I might have expected an error report on non-ascending transaction numbers; but 
actually I was only concerned that start and end numbers match.  I could add a 
better warning to the code when a transaction number repeats, to tell users they 
might have multiple writers.
Is this really a browser-general bug.  If not, can someone move it to the
correct Product/Component.
changing component to 'history', though it's interaction with MDB of course.
Component: Browser-General → History
these are mine now, I guess.
Assignee: davidmc → bienvenu
I had forgotten about this bug (I filed it so long ago) so I'm glad that 
bienvenue just posted to it and I got the bugzilla announcement.
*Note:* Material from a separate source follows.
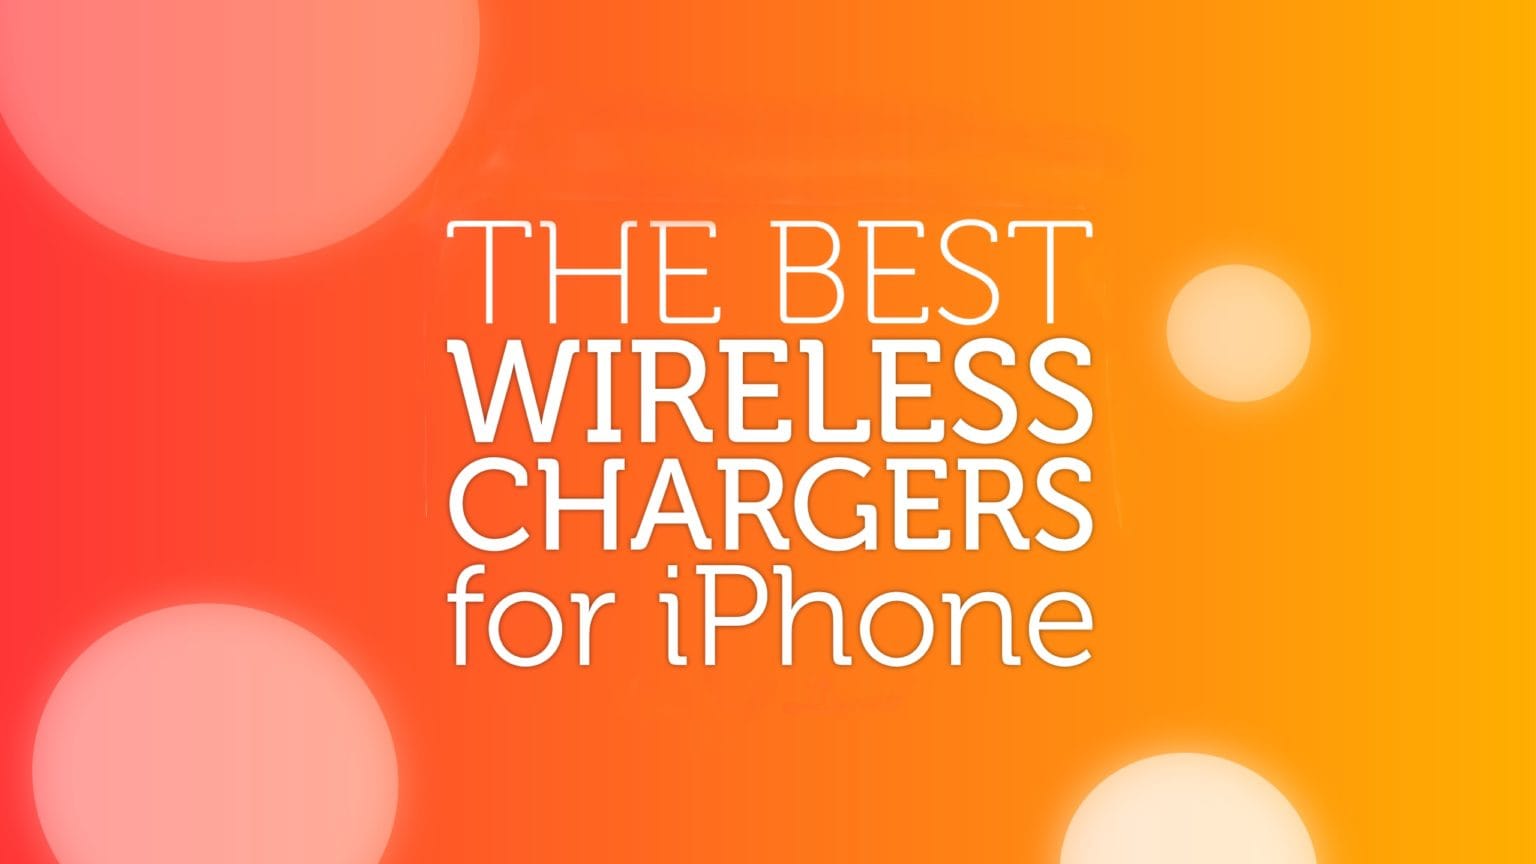 Best wireless chargers for iPhone

I just got hit by this again two days ago and forgot what the fix was.  So I had 
to zero in on a bad history.dat file by a process of elimination.  I still have 
that bad history.dat so I'll attach it here in case it gives any more clues over 
the last attachment that I made.
moving to m20 - probably won't fix for reasons described above.
Target Milestone: --- → M20
accepting
Status: NEW → ASSIGNED
updating qa contact
QA Contact: asa → claudius
nav triage team: WONTFIX
Status: ASSIGNED → RESOLVED
Closed: 24 years ago
Resolution: --- → WONTFIX
mass-verifying WontFix bugs which haven't changed since 2001-12-31.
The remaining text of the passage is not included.